* DATA BLOCK
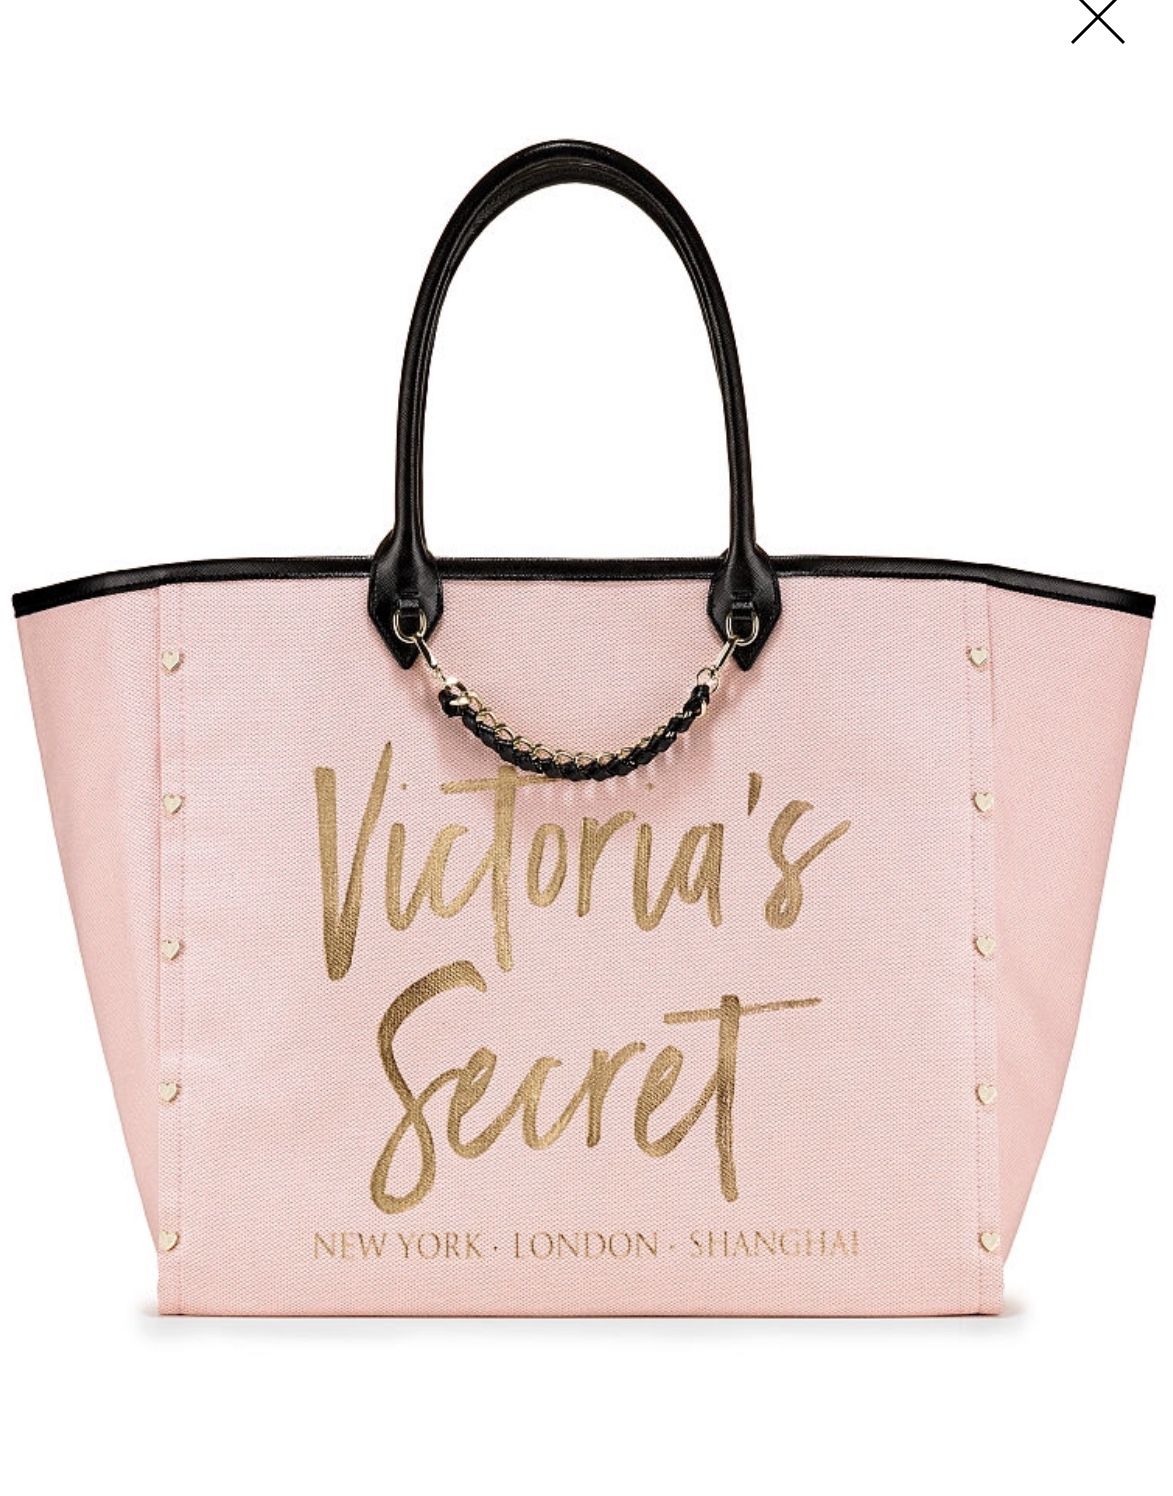 Stylish Victoria Secret Tote Bag
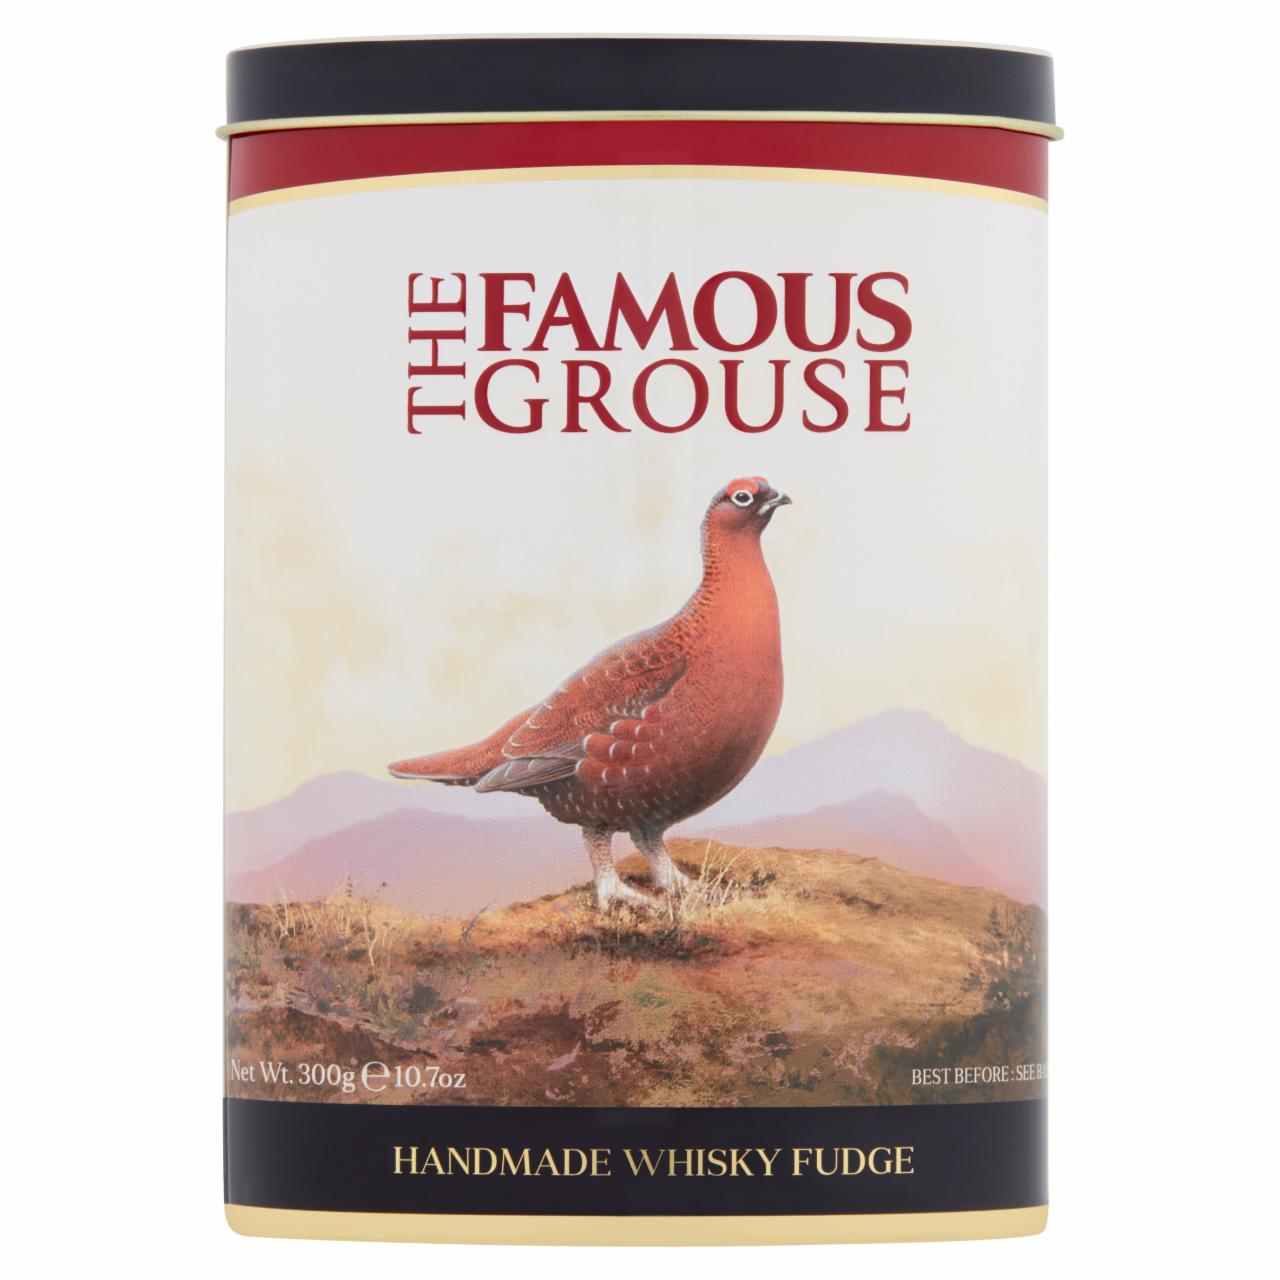 Képek - Gardiners of Scotland The Famous Grouse whisky-s puha karamella 300 g
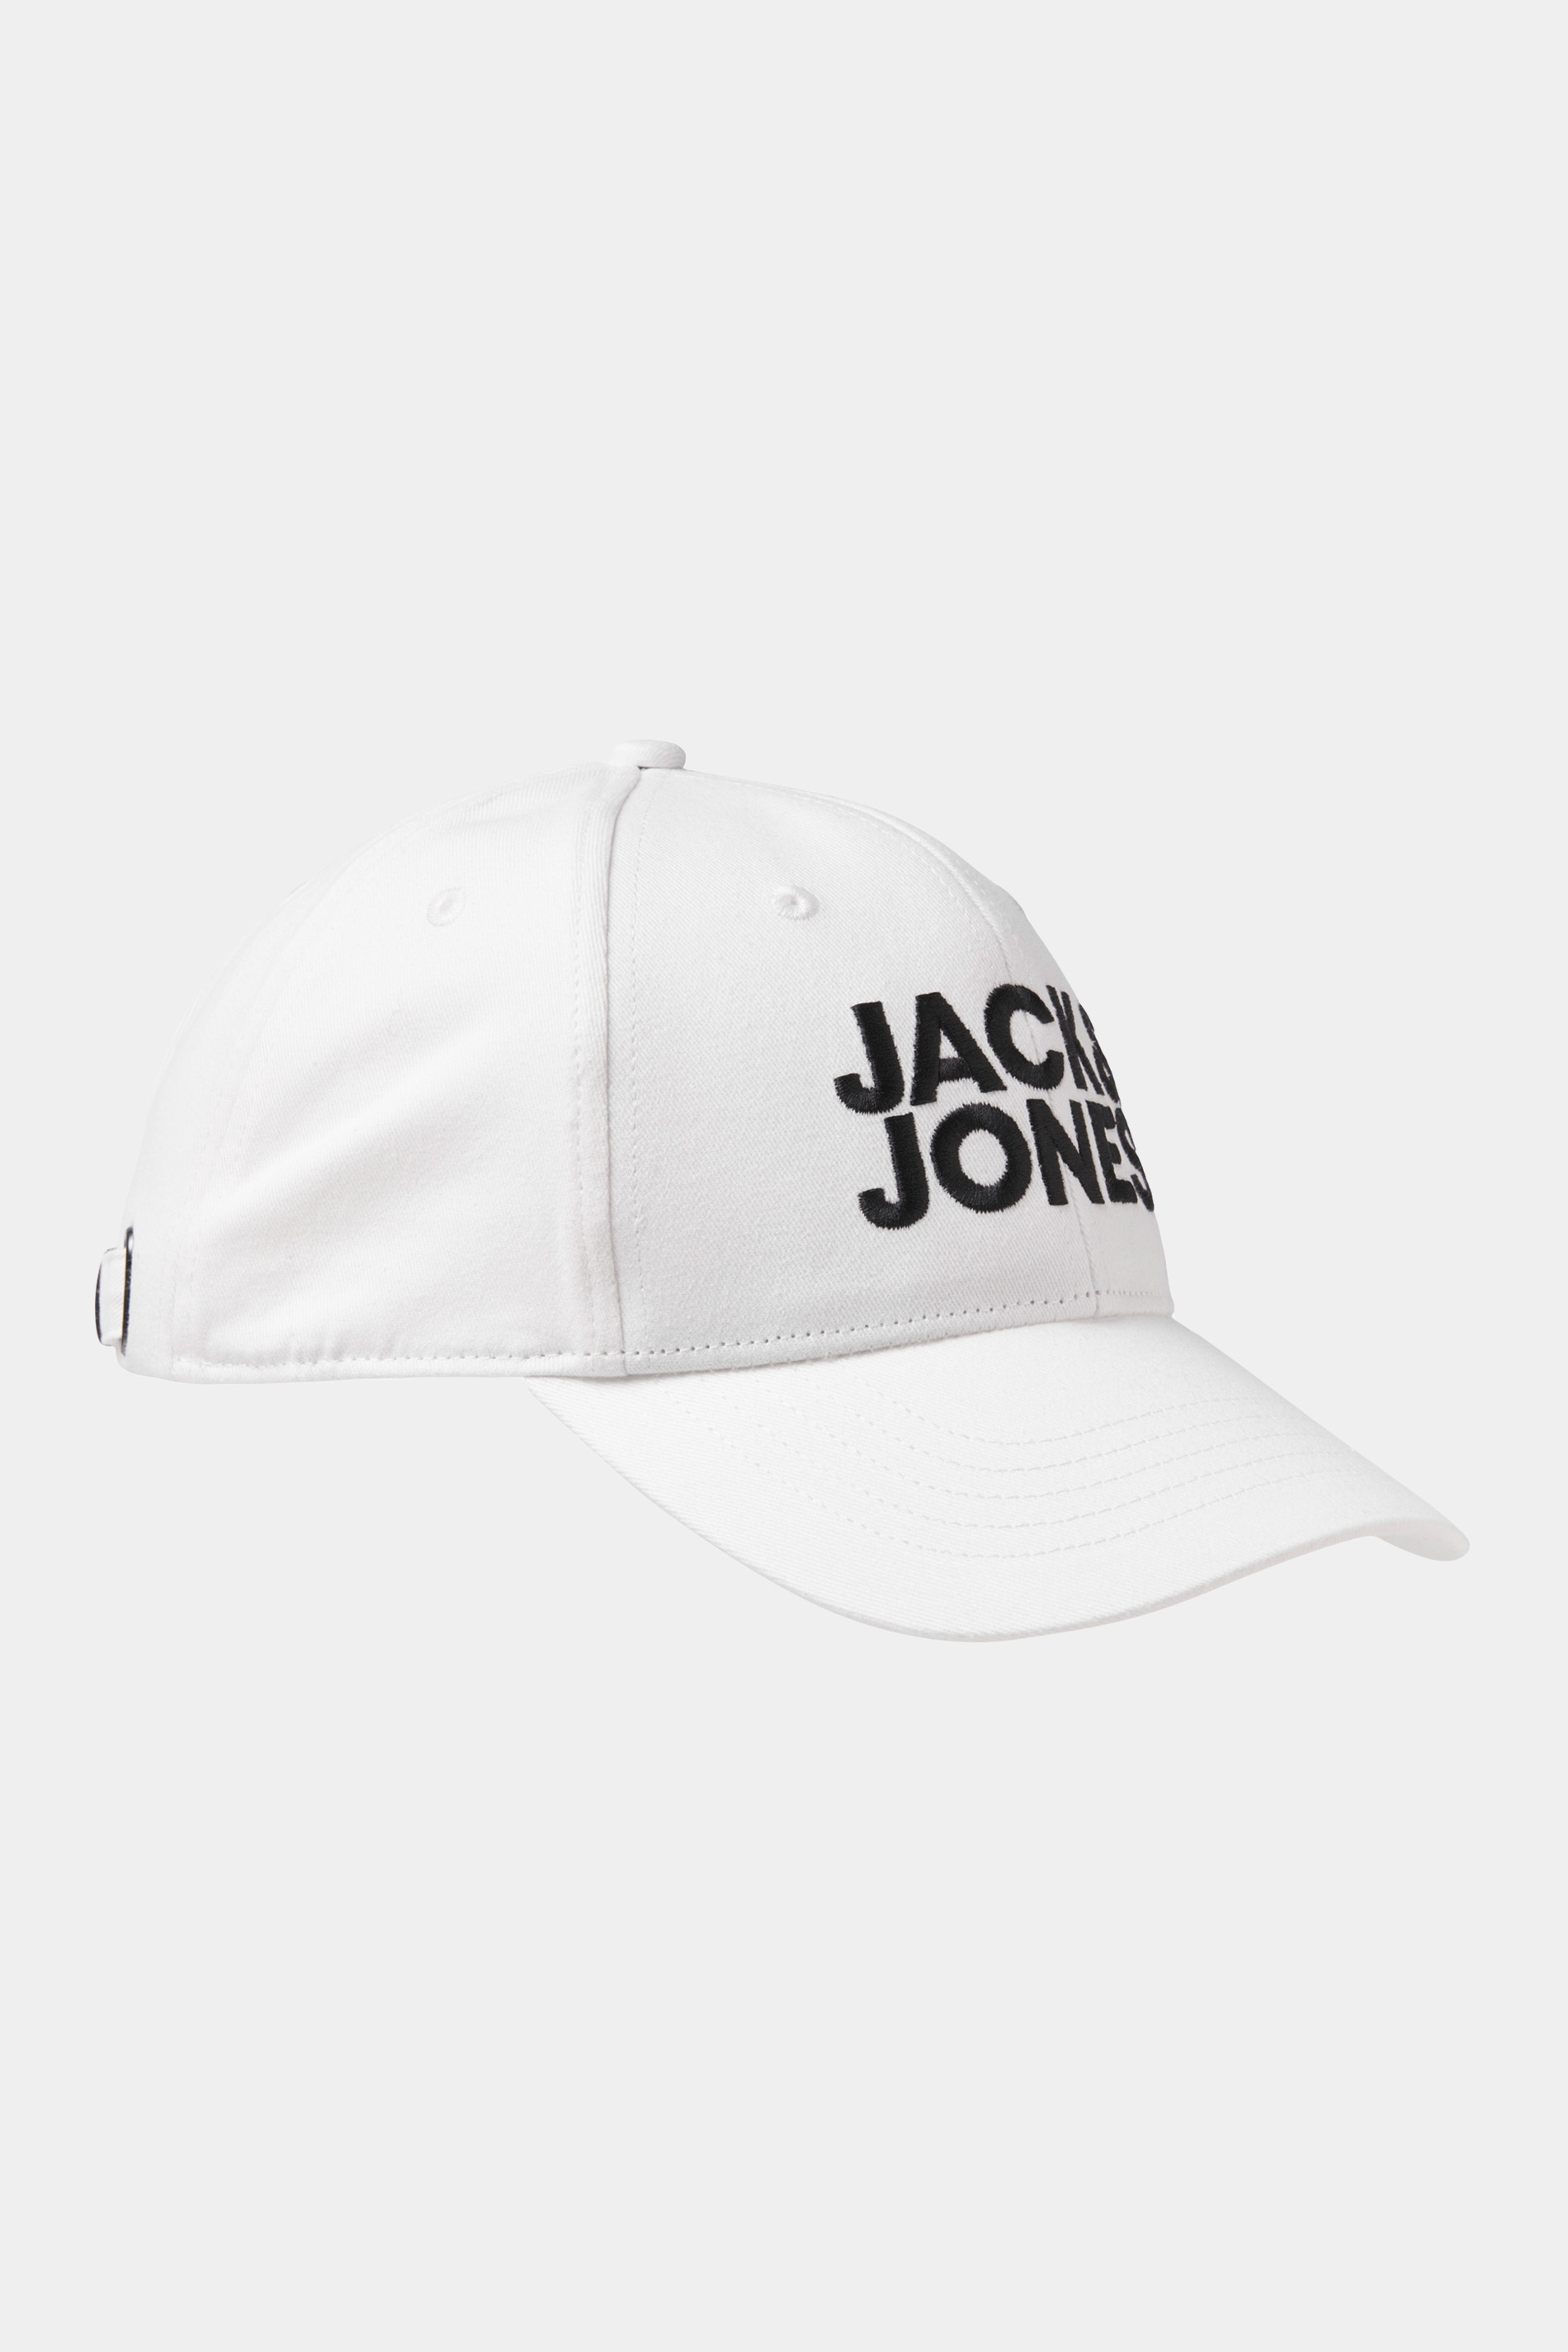 JACK & JONES White & Black Baseball Cap | BadRhino 3
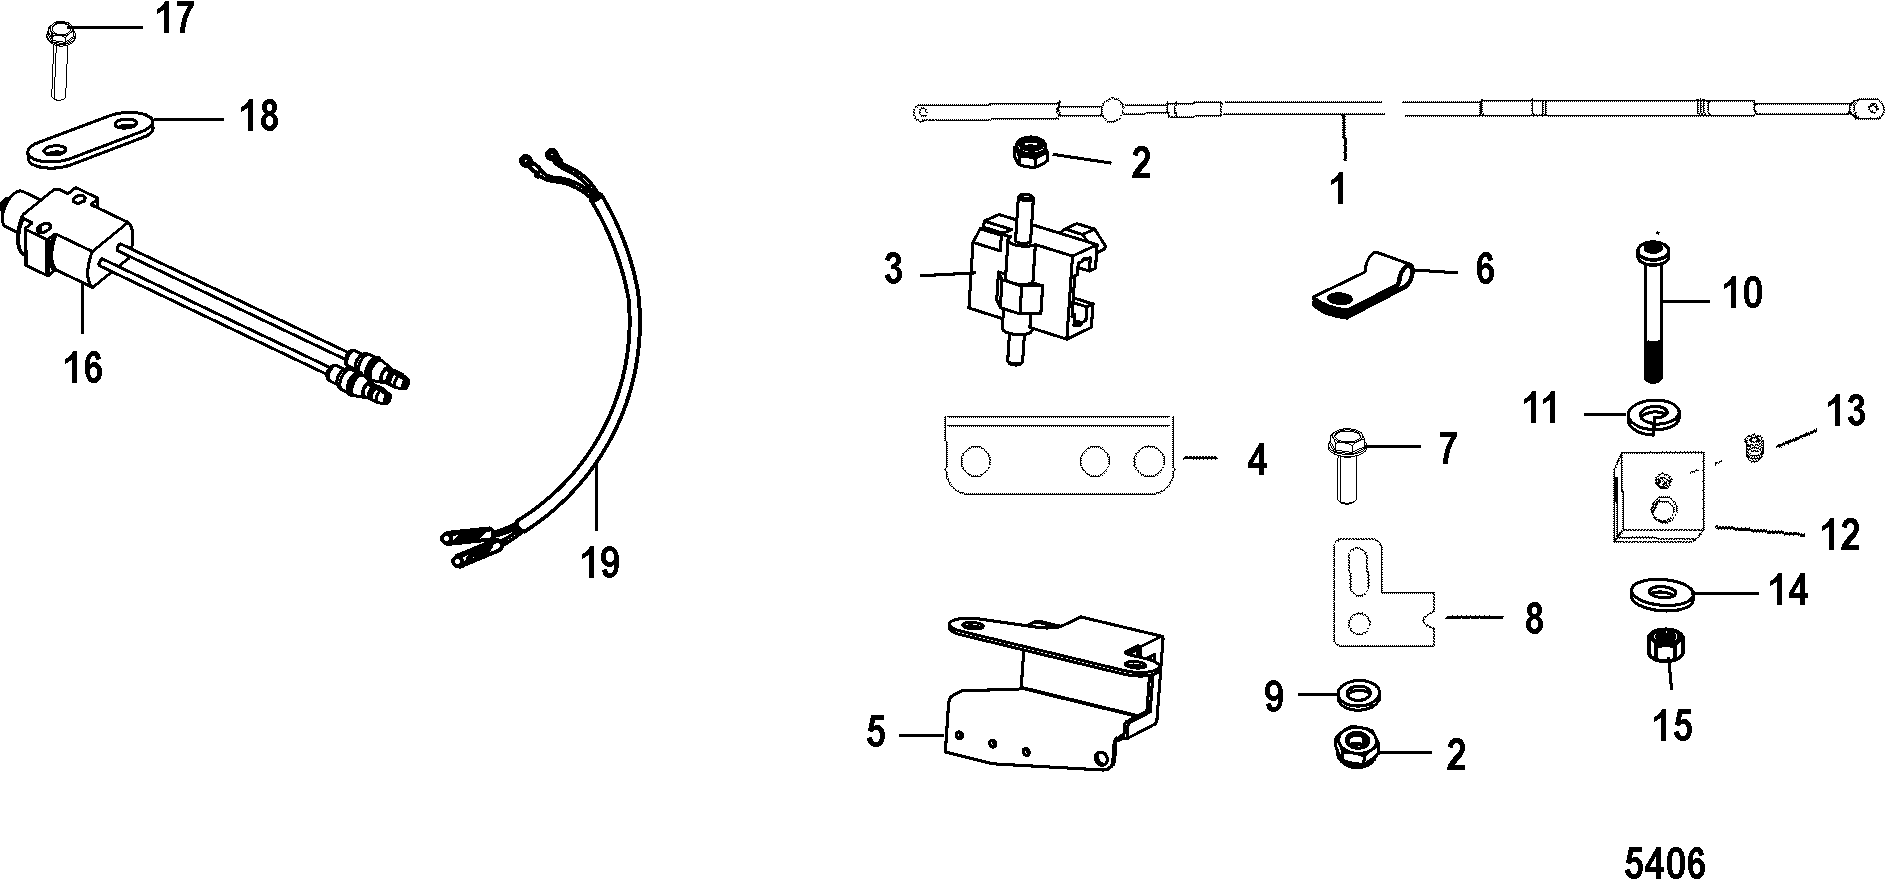 Tiller Handle Adapter Kit(Jet 80)

* PROBLEM DETAILS
Transcribe each line above verbatim, with the pictures left out.

* TASK ANSWER
 Stylish Victoria Secret Tote Bag
 Képek - Gardiners of Scotland The Famous Grouse whisky-s puha karamella 300 g
 JACK & JONES White & Black Baseball Cap | BadRhino 3
 Tiller Handle Adapter Kit(Jet 80)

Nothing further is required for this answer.